## BRIEF:
The listing, minus its pictures, is to be given again exactly.

## PROVIDED MATERIAL:

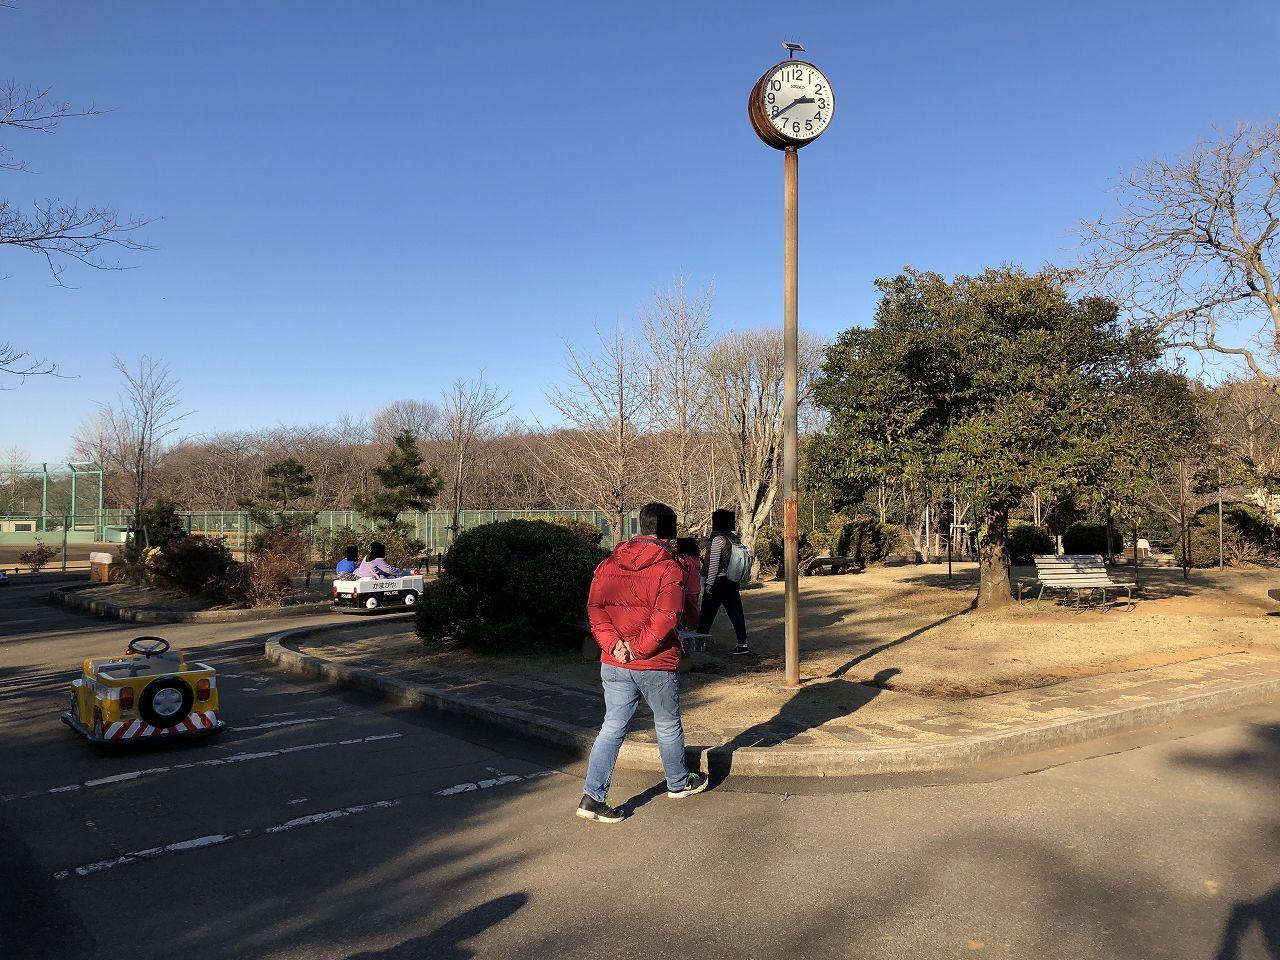 鎌ヶ谷の公園のバッテリーカー
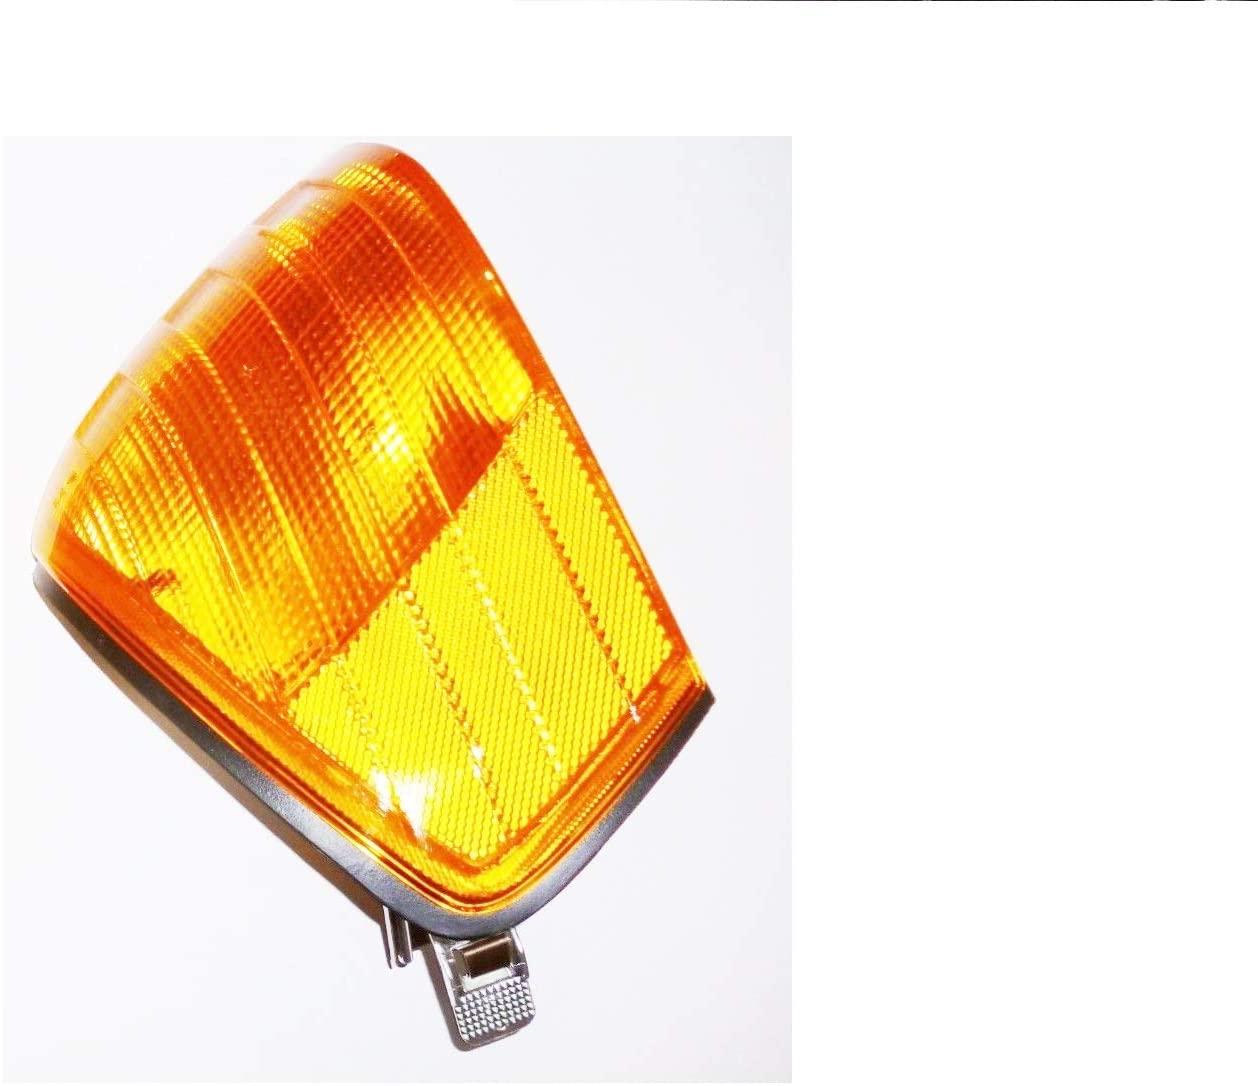 MERCEDES W129 89-95 SL320 SL500 SL600 Bosch 1305231913 Right Corner Signal 1298260343
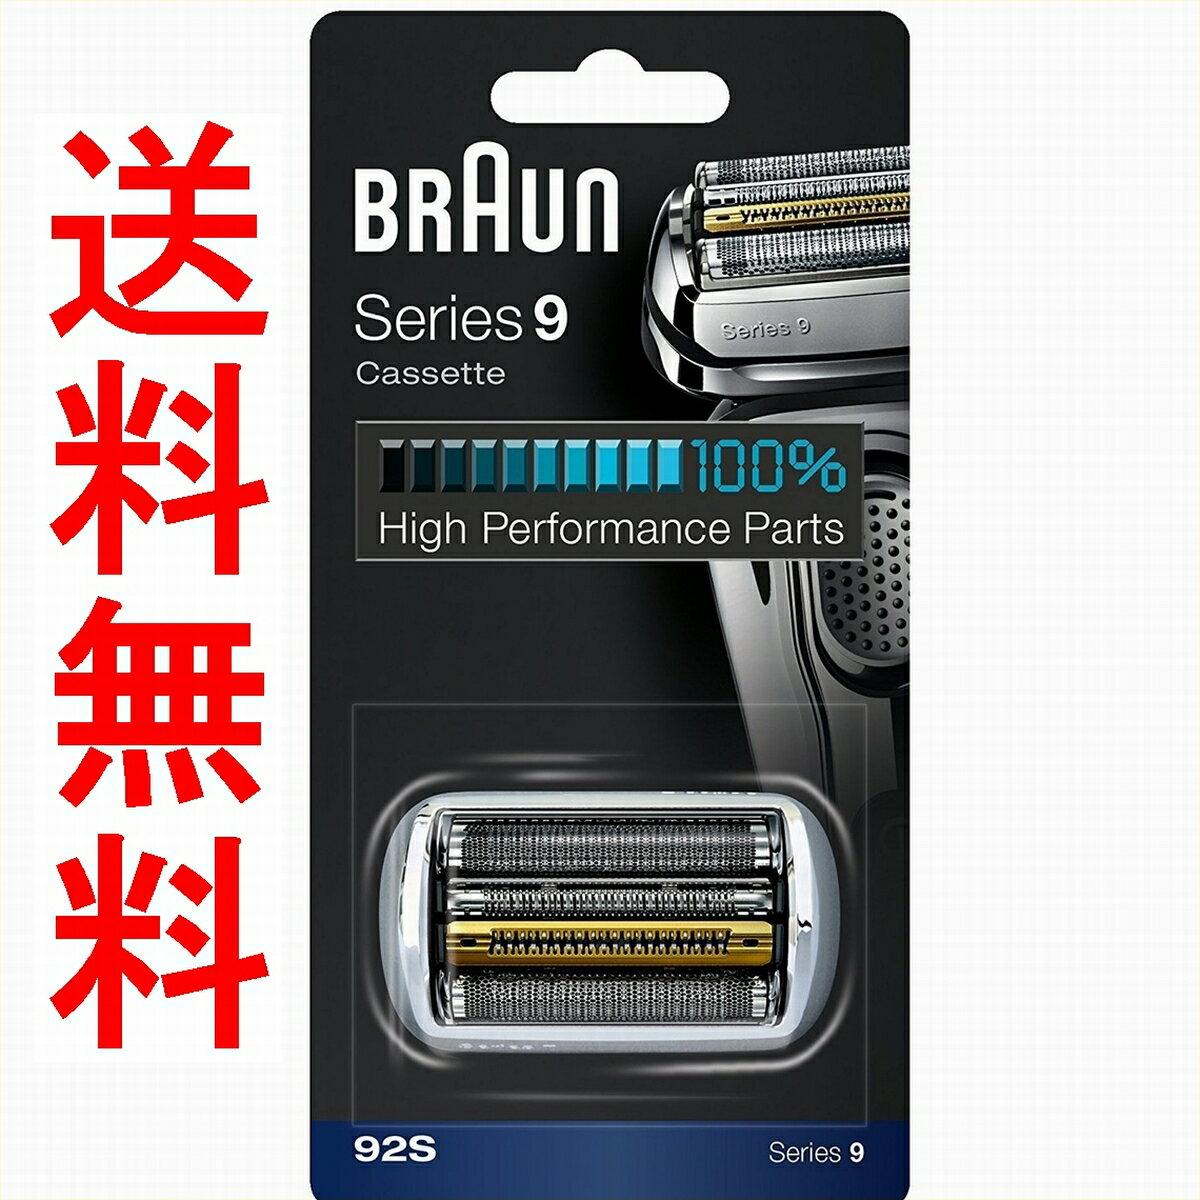 ブラウン 替刃 シリーズ9 92S(F/C90S F/C92S) 網刃・内刃一体型カセット シルバー 並行輸入品

## TASK SOLUTION:
 鎌ヶ谷の公園のバッテリーカー
 MERCEDES W129 89-95 SL320 SL500 SL600 Bosch 1305231913 Right Corner Signal 1298260343
 ブラウン 替刃 シリーズ9 92S(F/C90S F/C92S) 網刃・内刃一体型カセット シルバー 並行輸入品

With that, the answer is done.